Talking about risk, trading in stock is an area not many people would want to enter as they would want enough assurance that their investment will not only be protected but that they would make a profit out of it in the short-term or the long-term. The website provides some parameters for measuring and controlling risks involved in stock trading.
For the beginner or student, risk may not be such a real factor until he or she actually invests real money in the market. We all know that our money will still be at risk whether it remains in our pocket, in the bank or in the stock market. The potential for making big profit, however, is the come-on that the industry hopes to utilize to encourage more and more people to invest into it.
But risk is just one of the many hurdles one must face in stock trading. Even when one makes an earning from one’s investments, there are some factors to consider, such as capital gains tax, income tax and even stamp tax. How do these taxes affect one’s earnings? And by how much? Are they minimal in amount or substantial that after all has been computed, do you still enjoy a big percentage of earning? Are all these costs, including broker’s fees and one’s pre-buying/educational expenses, really worth the effort of joining this treasure hunt?

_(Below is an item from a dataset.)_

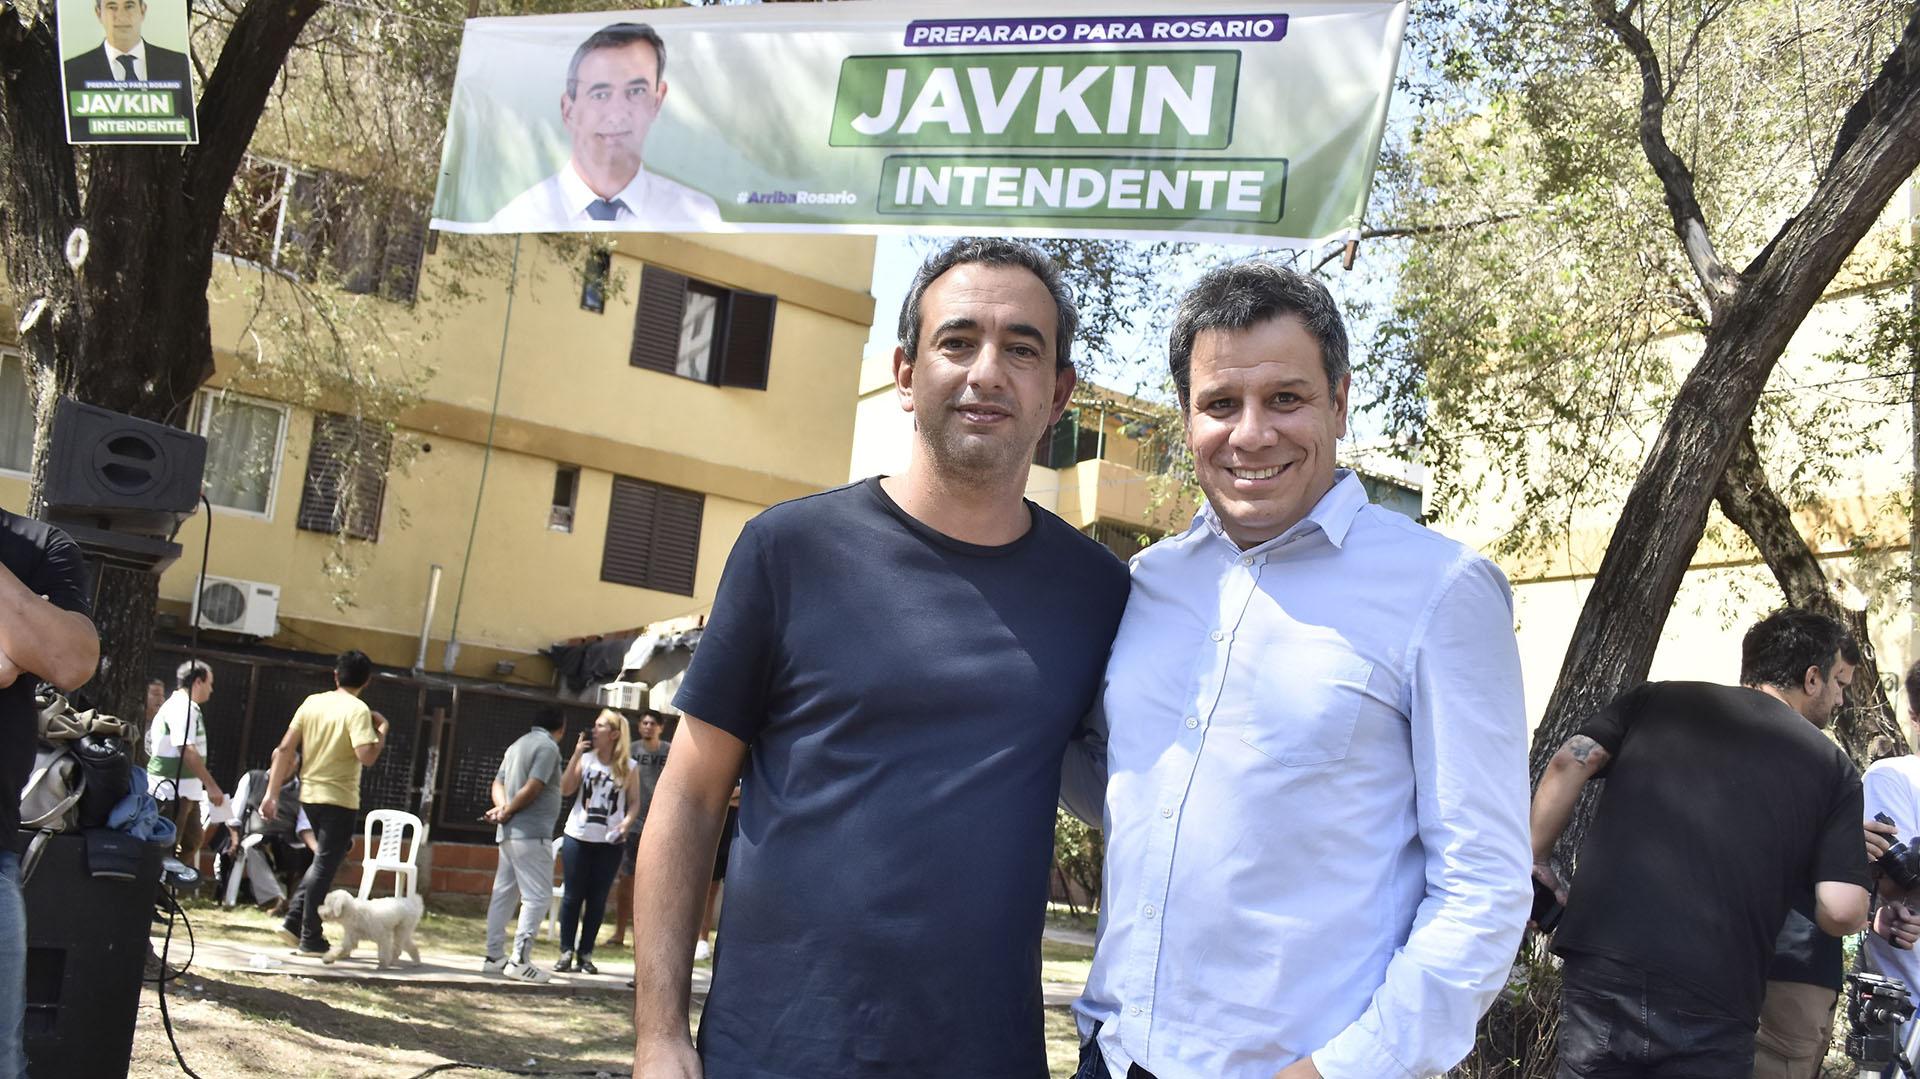 El neurocirujano Facundo Manes viajó a Rosario para hacer campaña consu amigo Javkin

The ultimate question then is this: Is there a minimum amount of money one must have in order to be a sensible, no-nonsense player in the stock market? How much? And would a person casually spending loose change while in the process of learning or gaining enough experience merely be wasting time or is he or she getting enough exposure to obtain the necessary expertise to become a big-time player eventually?
We can be sure all these questions will be answered in one of those advertised seminars. But then again, one would have to part with one’s precious money to find out. It seems one will always have to risk one’s time, effort and money to hope to gain something out of it. This is expected, of course. No one would put up a website on stock trading merely for fun. We are not asking for free seminars either, although that might be a good idea to start with. Perhaps, a free virtual tour of the stock market or a peek into the stock market floor (via YouTube?) might be enough of a great service for those unconvinced or sceptical souls among us to take the first step.
In the end, one must trust what the website is talking about and is hoping to provide in terms of service and assistance for beginner stock-traders. It may take a lot of time and effort to do it through an almost plain, not-so-interactive website; but, hopefully, it can be done through a few improvements here and there.